When Noisewire last spoke with Buzz Kull in August 2025, Marc acknowledged a degree of creative stagnation toward his upcoming work. Not sure where he saw the project headed next, he pointed toward touring as a possible catalyst, specifically a return to Europe. Eight months later after consistent touring, that possibility has clearly resolved into something real.

In February, Dwyer released his most aggressive and direct work to date, “Deep Hate” on Heartworm Press. On April 24th, we caught up with him in Baltimore, on tour with Clan of Xymox, Cold Cave, and Rosa Anschütz supporting his new work. When we spoke with Marc before his set, he mentioned that he had experimented with softer, lighter material shortly after our interview, but the approach never took hold. Instead, he leaned back into the darker, harder territory that has defined Buzz Kull, and the results speak for themselves.

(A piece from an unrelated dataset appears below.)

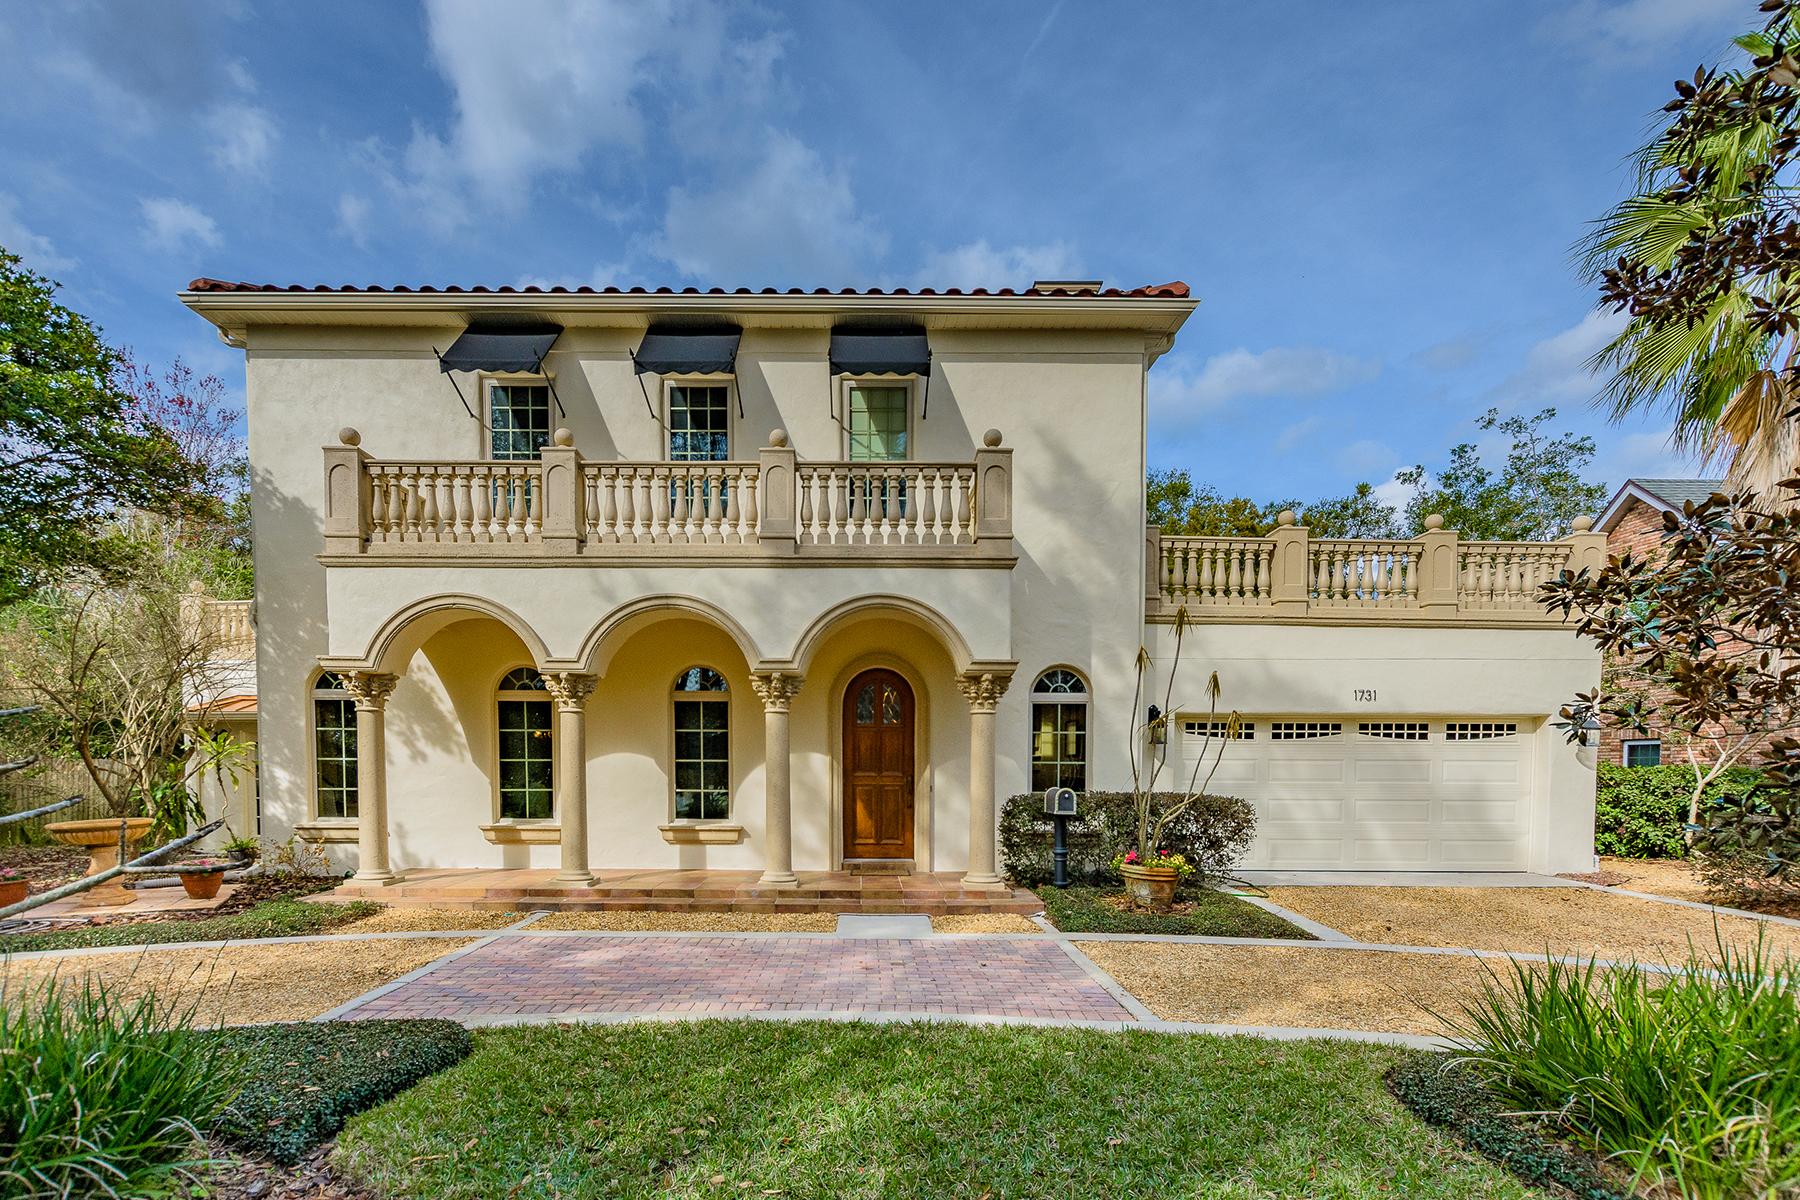 Частный односемейный дом для того Продажа на Winter Park 1731 Windsor Dr, Winter Park, Флорида, 32789 Соединенные Штаты

Performing second on a four-act bill, he had thirty minutes to work with, and he used every one of them. The set leaned heavily on Deep Hate, with “Black Gate,” “In the Cut,” and “Just a Memory” all making appearances, alongside two songs from his previous album “Fascination” — club favorite “Rise from Your Grave” and the title track. His performance was manic, his vocals were noticeably more aggressive than on record, and the energy never dipped. Before the set, we had mentioned hoping to hear “Burn It to the Ground,” and Dwyer said he hadn't planned on playing it, but he'd see what he could do. Midway through his set, he tore into the track seamlessly, as though he had planned it all along.

Looking back, that August conversation reads differently now. What felt like a lull wasn't an endpoint; it was a pause before movement. Touring didn't just inspire new material; it reestablished the connection between process and environment, between presence and output. For Buzz Kull, it turns out the answer wasn't forcing inspiration. It was going out and finding it again.